Of course, many questions arise as to how we could legally and practically implement a democratic system that prioritises the deliberation and decision-making of ordinary citizens (through sortition). Given how many times popular revolutions have derailed or backfired, the common-sense approach would be to push for evolution by focusing on achieving modest baby steps first. Two areas of New Zealand politics are ripe for bringing in citizens: the constitutional level and the council level.
"Bluntly, any system of government which has elections as the centrepiece of its popular participation is inherently flawed."
Although New Zealand does not have a codified constitution, we do have a constitution of sorts which is comprised of the key pieces of legislation, legal documents, court decisions, and conventions. What a citizens’ assembly of random New Zealanders selected by sortition could do is act as a steering committee for the grand referenda topics New Zealand should address. So instead of John Key deciding New Zealand needs a flag referendum, ordinary citizens would deliberate and decide what topics are worthy of such an event.
Ireland’s experimentations with such an assembly have won it a lot of praise recently. Their referendum on gay marriage in 2015 which saw it legalised came about because it was selected by the assembly. Ireland has long been known for its conservatism and the power of its Catholic Church. For instance, divorce was illegal until 1996. This shows how the citizens’ assembly was able to circumvent a corrupting force against democracy – in this case, the Catholic lobby – and foster a truly democratic outcome.

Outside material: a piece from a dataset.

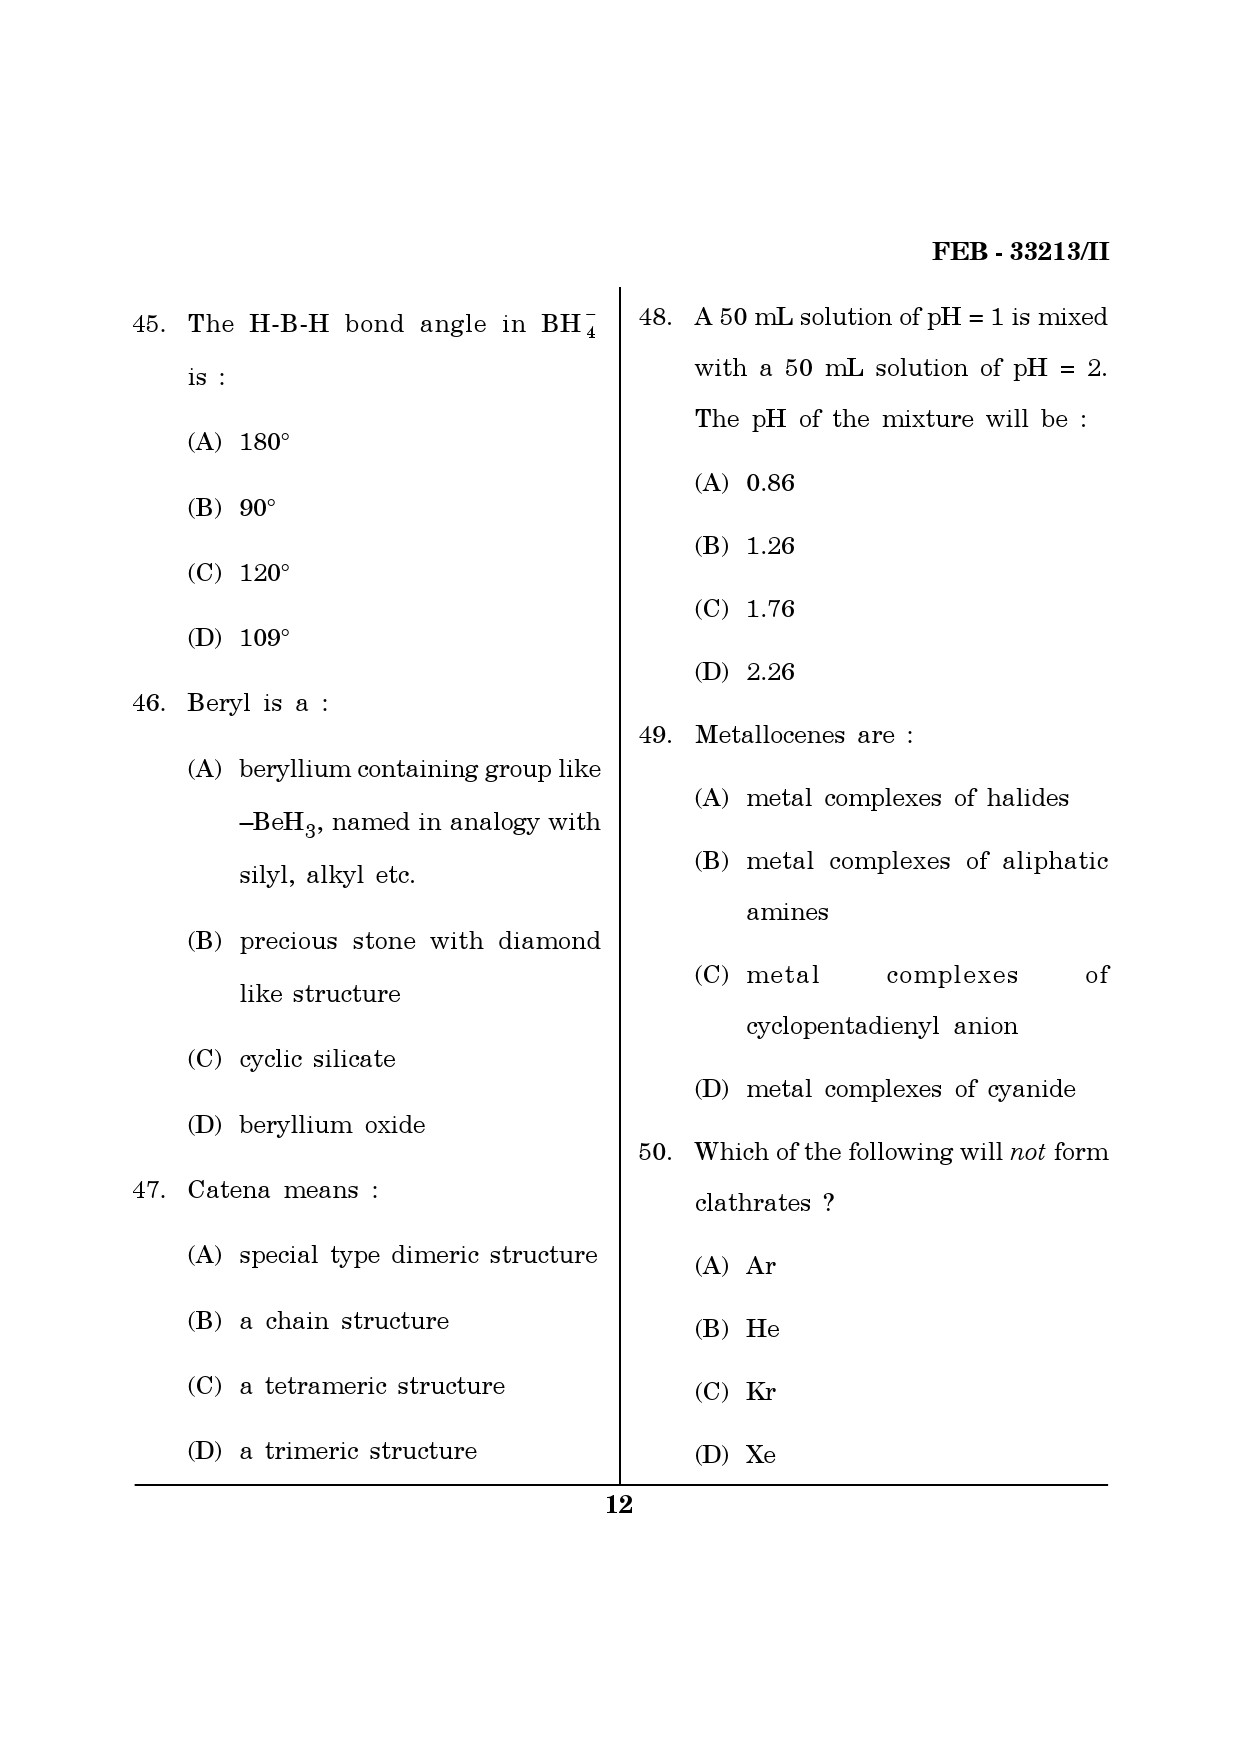 Maharashtra SET Chemical Sciences Question Paper II February 2013 12

At the other end of the scale, the use of sortition at the local, council level would be a way of revitalising an area of politics which has lost all relevance to the ordinary citizen. Our councils suffer from glaring democratic deficits – most notably along gender and ethnic lines – and low voter turnout, which leaves largely unaccountable cartels in charge. Instead, we could select citizens’ juries (smaller than an assembly) of random locals who would then deliberate and decide key issues at the council level, such as the budget or specific regulations.
Australia is far ahead of us in this regard. Sydney, Melbourne and Adelaide, among plenty others, have all used citizens’ juries over the past five years in a variety of capacities. Perhaps the most notable has been Melbourne’s use of a citizens’ jury to facilitate the finalisation of its 10-year budget. A jury comprised of 43 randomly selected citizens, meeting over a six-week period, deliberated on and agreed a new budget. The outcome was called a "clear, sensible verdict about priority projects, services, revenue and spending" by a local expert.
In an age where democracy is seemingly dying, re-emphasising the demos, even by just undertaking modest steps as suggested above, is surely the path we have to take to reinvigorate our democracy. Otherwise, no matter what superficial adjustments we make, we will continue to live in an oligarchy masquerading as a democracy.